Ist Erinnerung auch eine Frage des Willens oder des Glaubens? Wahrscheinlich schon. Aber ich bin zu faul dazu. Er jedenfalls weiss, das seine ersten Erinnerungen fremde sind. Vater, Mutter, alle haben auf ihn eingeredet, dass er sich erinnern könnte, wenn er denn wollte. Meine Erinnerungen sind Ideen, die sich irgendwie aus der Wirklichkeit gelöst haben, wie die kleinsten Partikel meiner selbst, die sich im Nichts der Umgebung verirren. Ideen, die sich wie eine Blase aus dem wirklichen Moment gelöst haben und dann in mein Hirn diffundierten. Es sind fast ausnahmslos Verzauberungen der Aussenwelt. Ich kann nur mich sein, wenn ich draussen bin, nur das gibt einen Sinn als Ganzes. Behausungen sind mir grundsätzlich zu wider, suspekt, da lauert Arbeit, Mühsal, künstliche Wiederholung. Ausser natürlich, bei Schlechtwetter, die Küche, warm, dampfend, wohlriechend, voll Müttern und Mamas. Die verzauberte Aussenwelt auf dem Feuer, verbunden und vermengt. Der Küchenstuhl im Terrassenzimmer hat den gleichen weissen Anstrich wie das kastenartige Kinderbett, in dem ich immer mit dem ersten Tageslicht erwachte und mit einer kleinen Kette, mit der man das Taschenmesser an der Hose befestigt, die Gitterstäbe ansägte, bis mich Mutter aufnahm und vor die Türe stellte. 

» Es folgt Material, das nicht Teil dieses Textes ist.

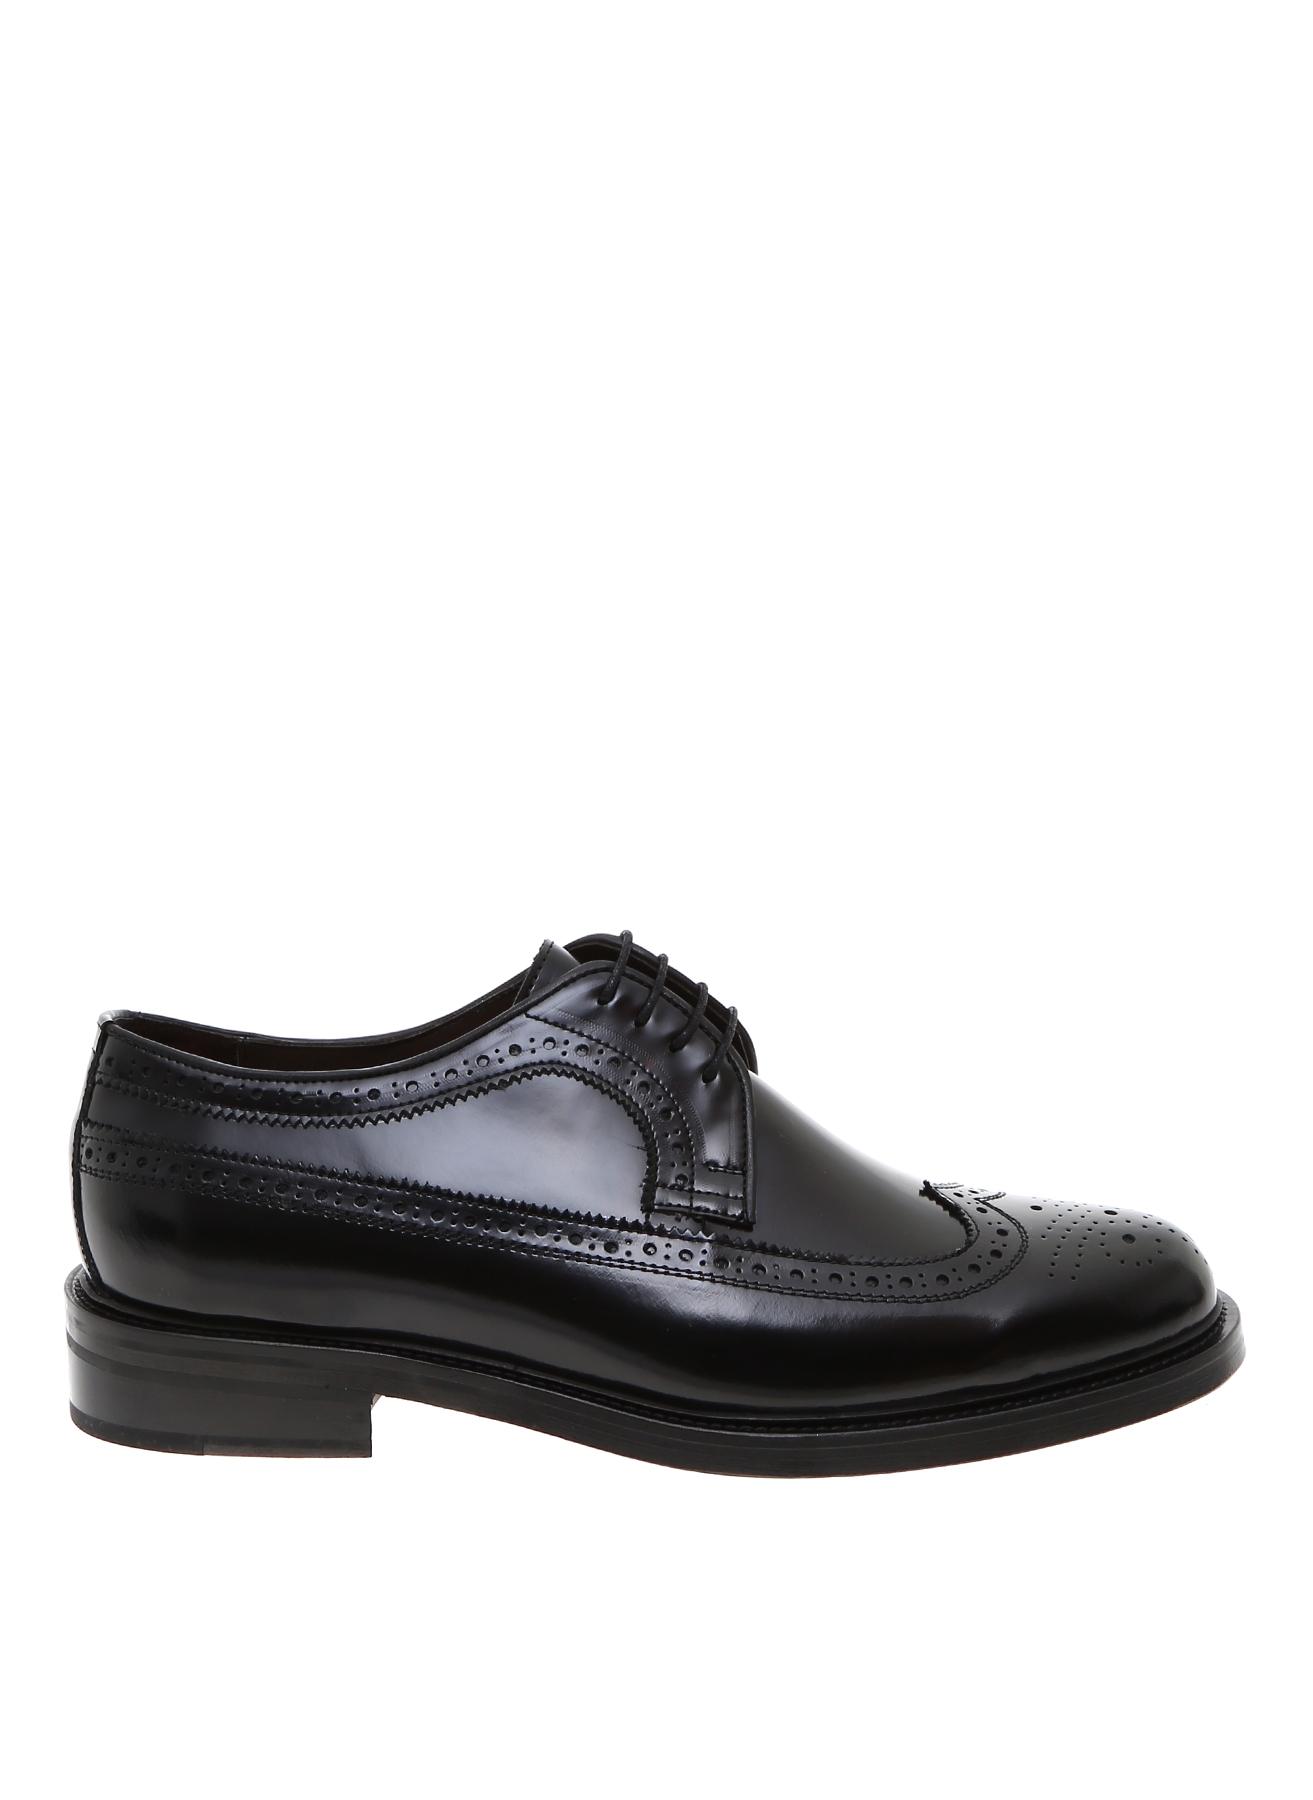 George Hogg Erkek Klasik Ayakkabı 45 5001909213001 Ürün Resmi

Da standen im Sommer, wenn die Tage lang waren und die Sonne nicht genug von uns bekommen konnte, Waschzuber bereit, gefüllt mit Wasser, das am Nachmittag so warm geworden war, dass ich mich da mit dem Nachbarmädchen vergnügen konnte. Und draussen an der Mauer, in einem bäuerlichen Bergweiler, waren die Löcher, in die man Pfosten stellen konnte, noch gefüllt mit verblitztem Gewitterwasser, so dass ich selbst kochen wollte, eine himmlische Mischung mit teuflischen Zusätzen, Blütenblätter, grünes Gras zur Sättigung, zerriebene Käferbeine, sich windende Wurmteile, zermantschte Köpfe von Gänseblümchen, auch einige Donnerkiesel und etwas Staub. Daraus stieg die Sehnsucht der Berge, das weisse Licht, die Andeutung von Gerüchen, die asketische Kahlheit der Gedanken, die erahnte Kühle des ewigen Schnees, das leise Flirren der heissen Luft, das Prickeln des Sonnenbrandes, ein Vorbote der Schneeblindheit. Athletische Klarheit.